Automated solvers reveal minimal paths for post-solution analysis.
Common Errors and Corrective Measures
- Premature Row 4 Commitment: Complete left columns before filling row 4 horizontally.
- Blank Isolation: Avoid trapping the blank in solved rows without extraction plan.
- Over-Cycling: Cap insertion loops at 6 moves; reassess if exceeded.
- Endgame Overlook: Treat final 3×2 as independent—solve methodically.
Theoretical and Practical Significance
The 5×5 puzzle exponentially increases state space, making it a standard for advanced search algorithms (e.g., IDA* with pattern databases). Human success relies on hierarchical reduction: 5×3 → 5×2 → 3×2. Mastery develops chunking, foresight, and algorithmic intuition, directly applicable to 6×6 and higher grids.

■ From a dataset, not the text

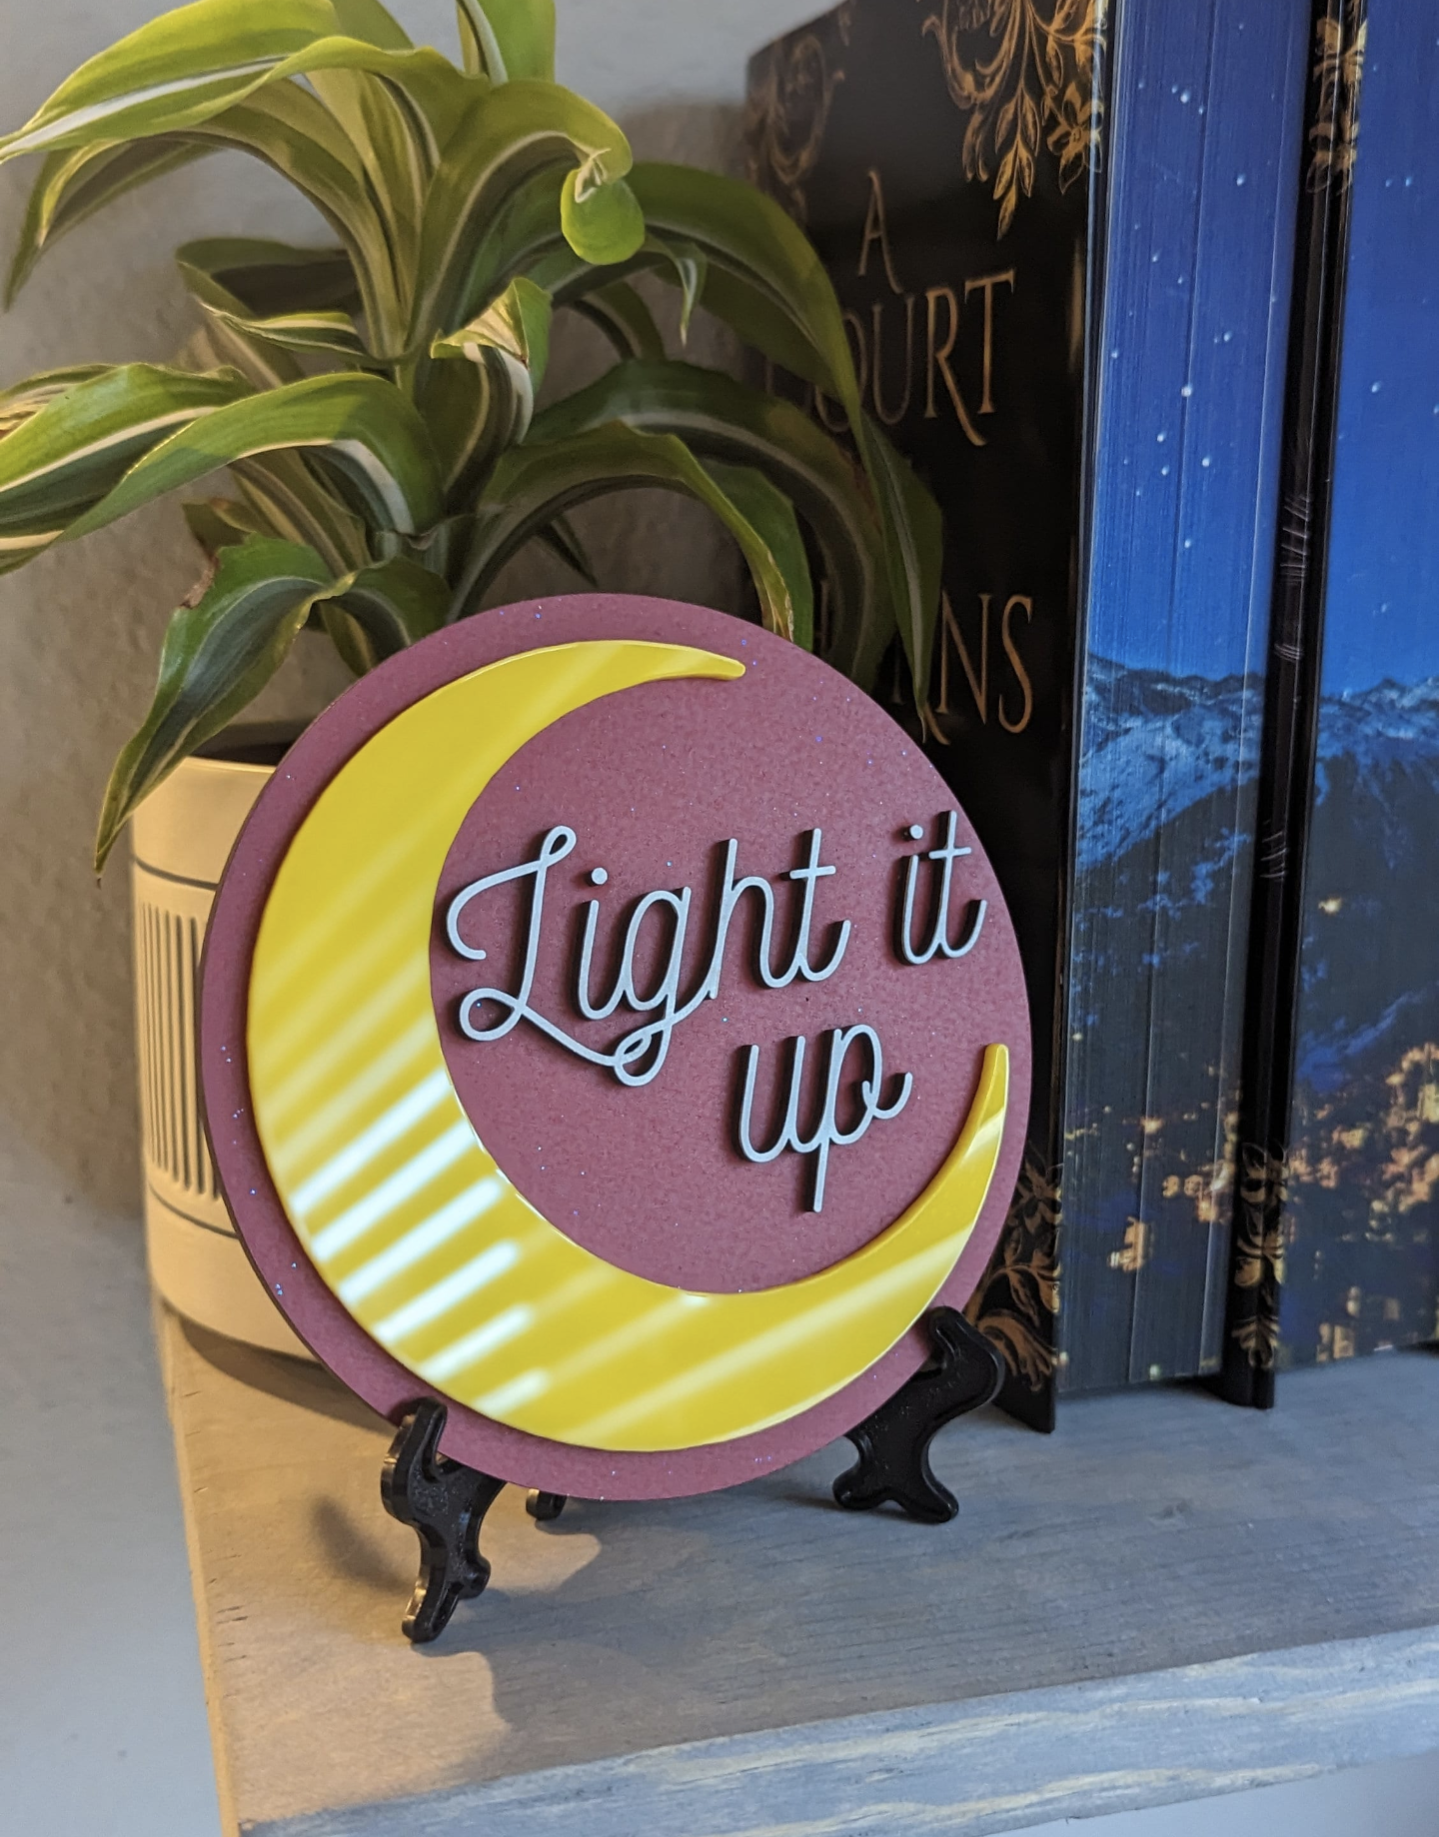 Light it up | Licensed Crescent City Bookshelf Sign - Quill & Cauldron

Consistent practice with move tracking and save states accelerates pattern recognition and efficiency.
Conclusion
Solving the 5×5 sliding puzzle requires disciplined progression: secure the top three rows, anchor the bottom-left columns, complete row 4, and resolve the final 3×2 endgame. Vertical pair insertion, edge-safe rotations, and standardized 2×3 resolutions transform complexity into structured logic. This layered methodology ensures reliable solutions within competitive move counts, establishing expertise scalable across all sliding puzzle dimensions.